Danish survival reality television series

Alone Denmark is a television program that premiered on 1 January 2017 on DR3. It is the Danish version of the North American television show Alone.

== Format ==
A group of contestants are sent out into the wilderness in total isolation and with minimum survival equipment. They must film their experience themselves as they struggle with hunger, cold, isolation, the harsh environment and their own mental struggle.
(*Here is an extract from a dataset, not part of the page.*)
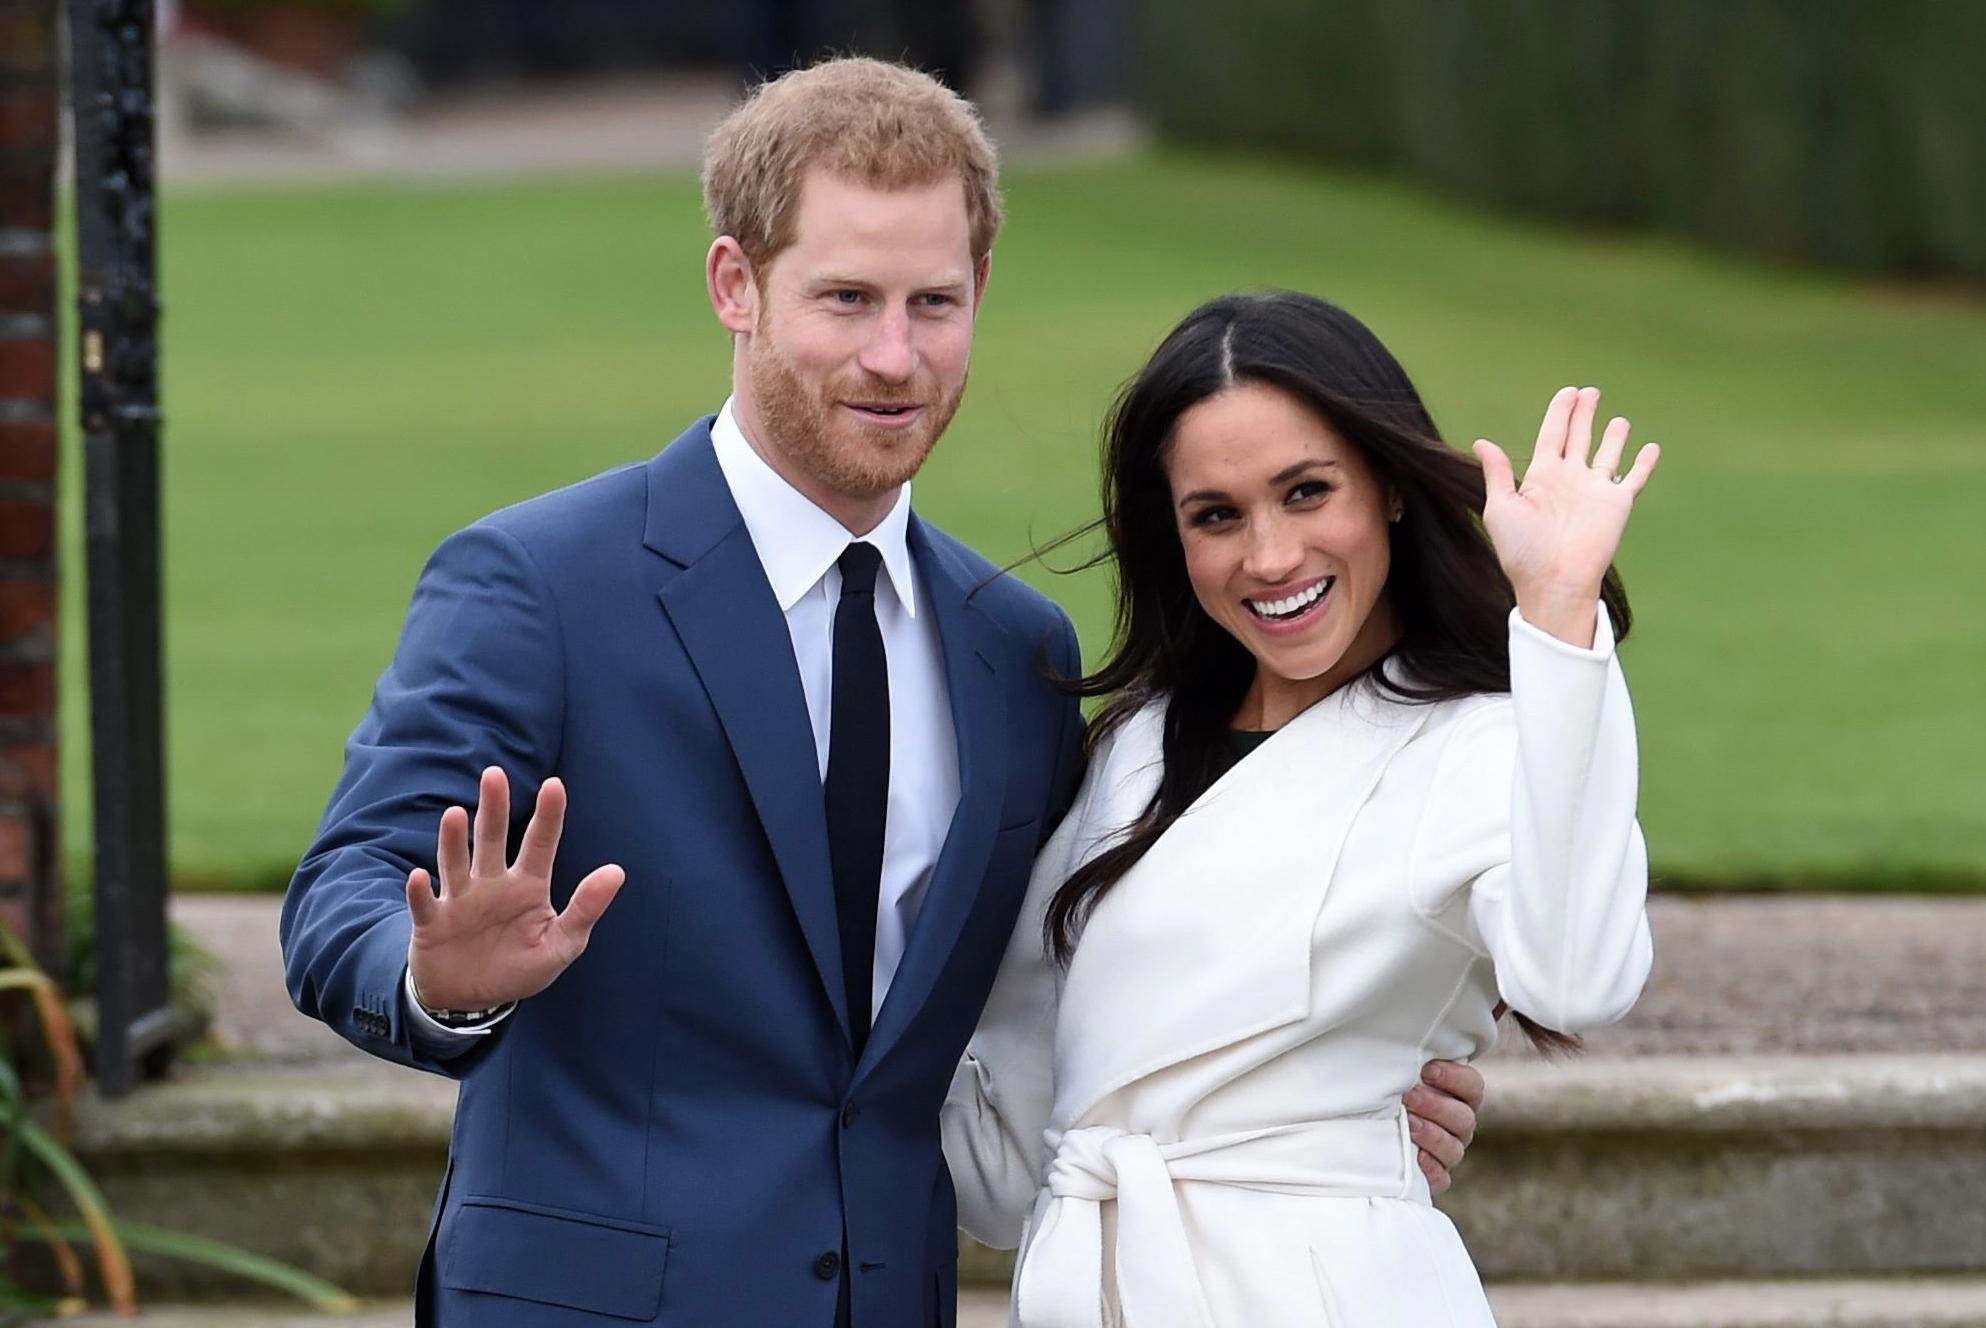 Royal_Wedding-Meghan_Markle_77446-159532.jpg71857663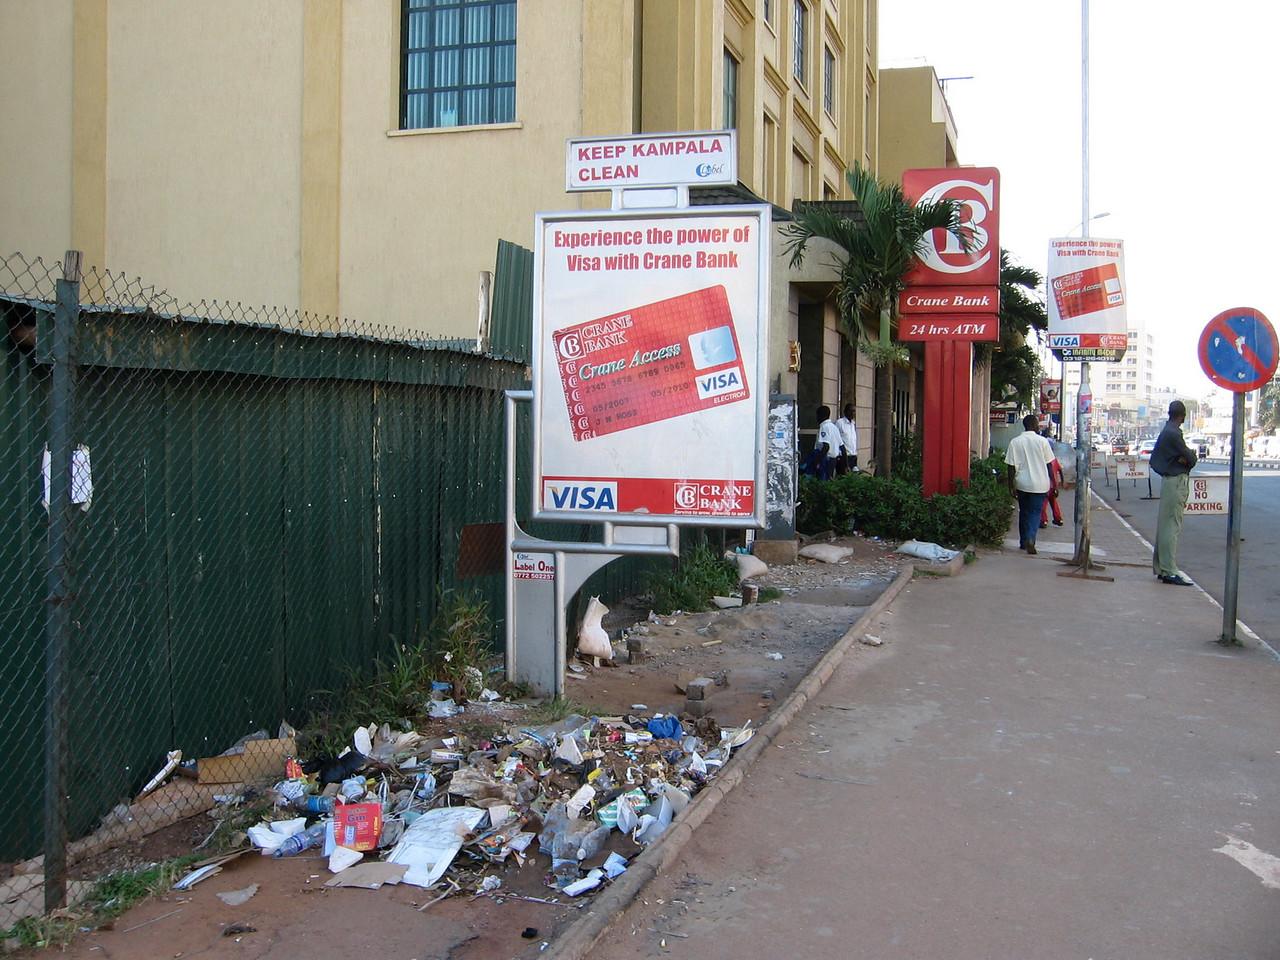 Keep Kampala clean!

Each participant is given an emergency GPS transmitter and a satellite phone that they can use to withdraw from the competition or to call for help at any time.

Before the competition begins, participants must pass medical and psychological checks as well as basic bushcraft trials (eg. shelter building, fire making).

Unlike the North American version, there is no prize money for the winner in the Danish version.

When the show returned in 2021 for a fifth season, the series switched from individual participants to pairs.

Pairs have been participating in several seasons since 2021. In the show for 2026, pairs competed along single participants. The pair teams had to live 10 days separated before joining up.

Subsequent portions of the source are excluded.